Added to this…..When I got to College my teachers never told me how to tongue or what articulation syllables to use…. it was instead all about the desired result…. i.e. the music. In fact, I was encouraged to be a musician first and a flutist second… When I was finished with my Masters Degree in flute I studied for many years with Julius Baker…. and he never once told me how to do anything on the flute. I used to quipe that I learned from him by “osmosis”…… as I think all of his students did. With “Julie” as with all of my other teachers…..it was all about the music…i.e the desired result …. and not about the mechanics of how to play the flute.They simply expected that I was talented and musical and that playing the flute was secondary to making music….. and more to the point , that I should be able to figure out the mechanics on my own.

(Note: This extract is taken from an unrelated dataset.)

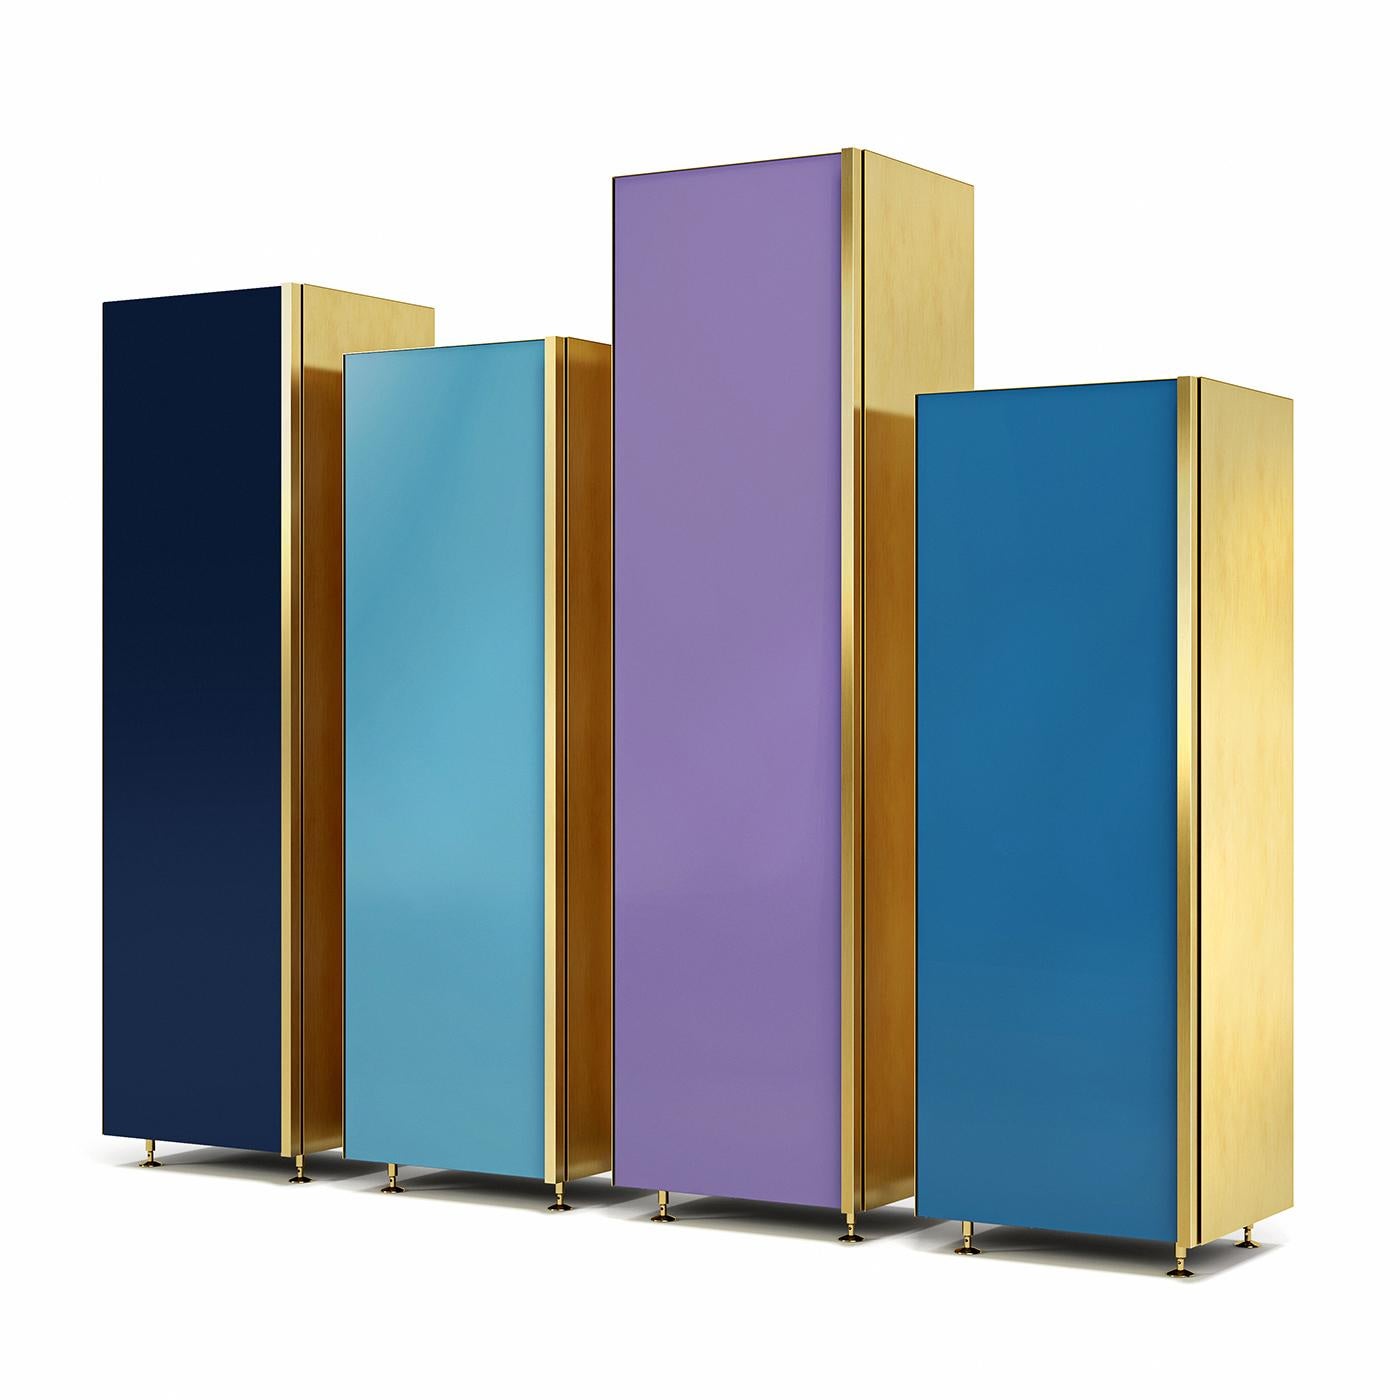 Evoking the charm of underwater color palettes, this set comprises four cupboards each measuring 55 cm in width, 45 cm in depth, and respectively 185, 170, 200, and 155 cm in height proceeding from left to right. Their wooden frame flaunts sides in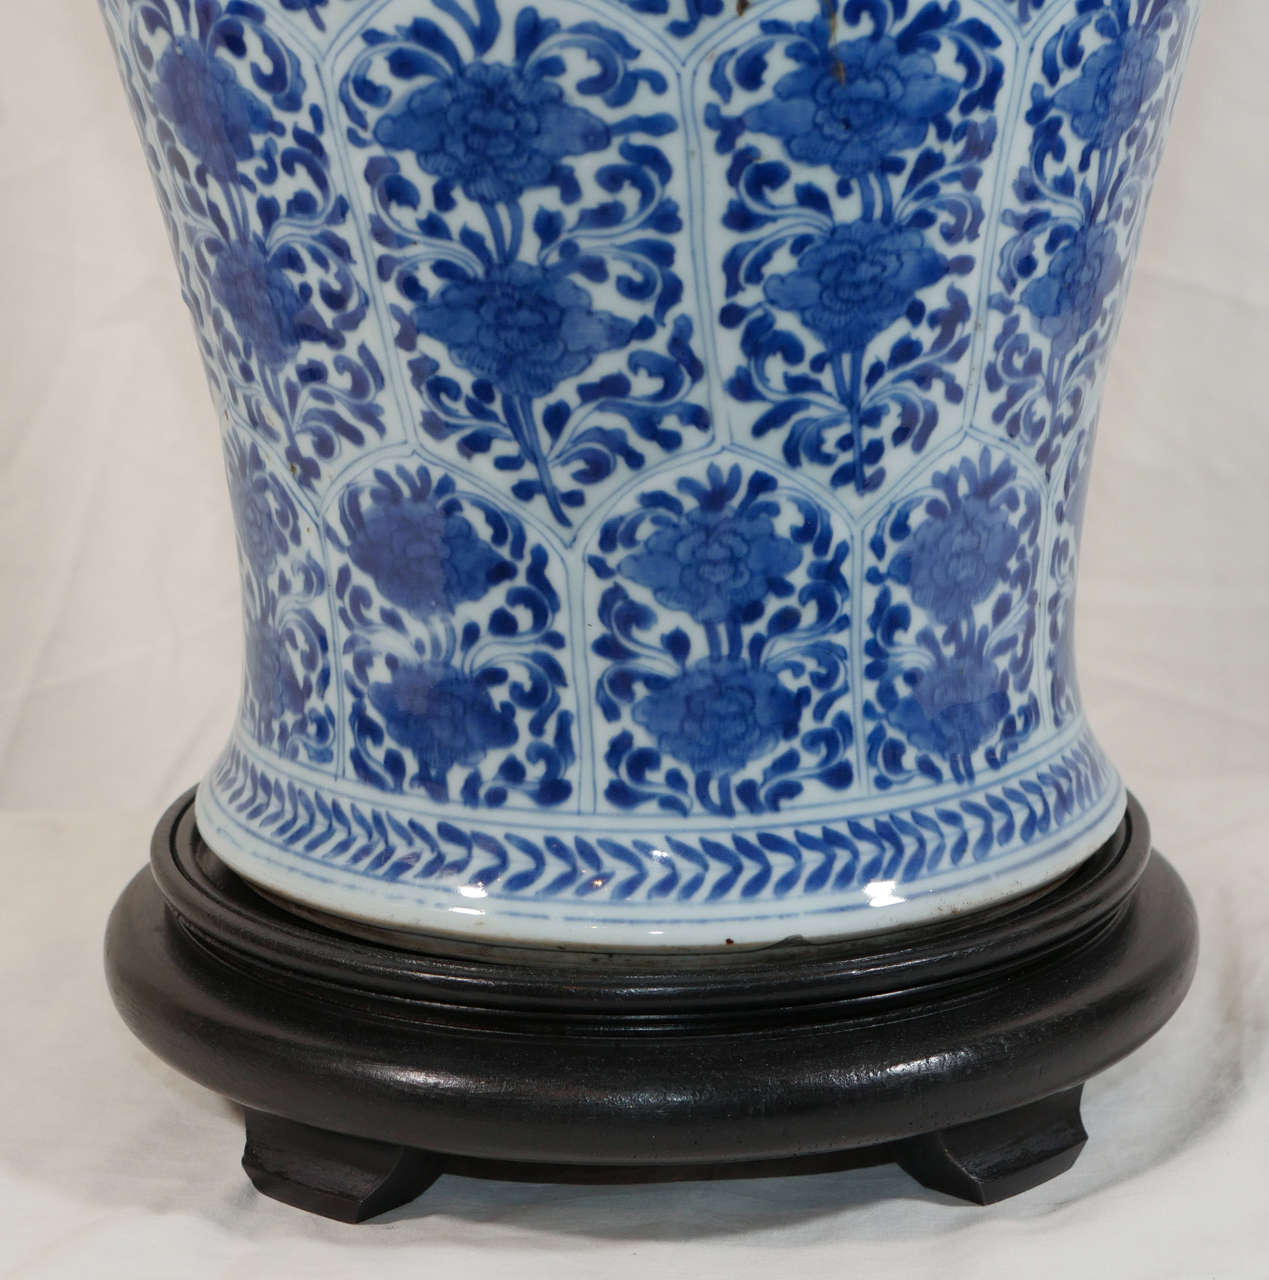 A pair Chinese Kangxi period blue and white covered vases of slender shape decorated with an all over pattern of elongated hexagonal panels with flowers painted in underglaze cobalt.

Next point…..My first professional job was a union gig that I held for years as the second flute and piccolo player in the New Jersey State Opera Company Orchestra. We played all over the state of NJ… in the Graden State Arts Center, at the Trenton War Memorial, and at Symphony Hall in Newark. I even performed on national TV ( NBC) with them. Yet I never had had a piccolo lesson before I got that gig at all. I was simply handed a piccolo in eighth grade and told to learn how to play it.In fact, the first formal piccolo lesson I ever had was two summers ago at the Wildacres Flute Retreat when I scheduled a piccolo lesson with Brad Garner! Yet I have been a professional piccolo player for decades!
Moreover, I took piano lessons as a child but only had a few months of formal flute lessons from a flute teacher until I was accepted at the Ithaca College School of Music as flute major ( I was instead taught by my Middle School Band teacher … who happened to be a sax player.)….. and only took flute lessons form a real flutist as a Senior in High School to prepare for my college auditions! If you think this was unheard of 50 years agao… think again.. None other than Wally Kujala was in the same boat. We simply taught ourselves!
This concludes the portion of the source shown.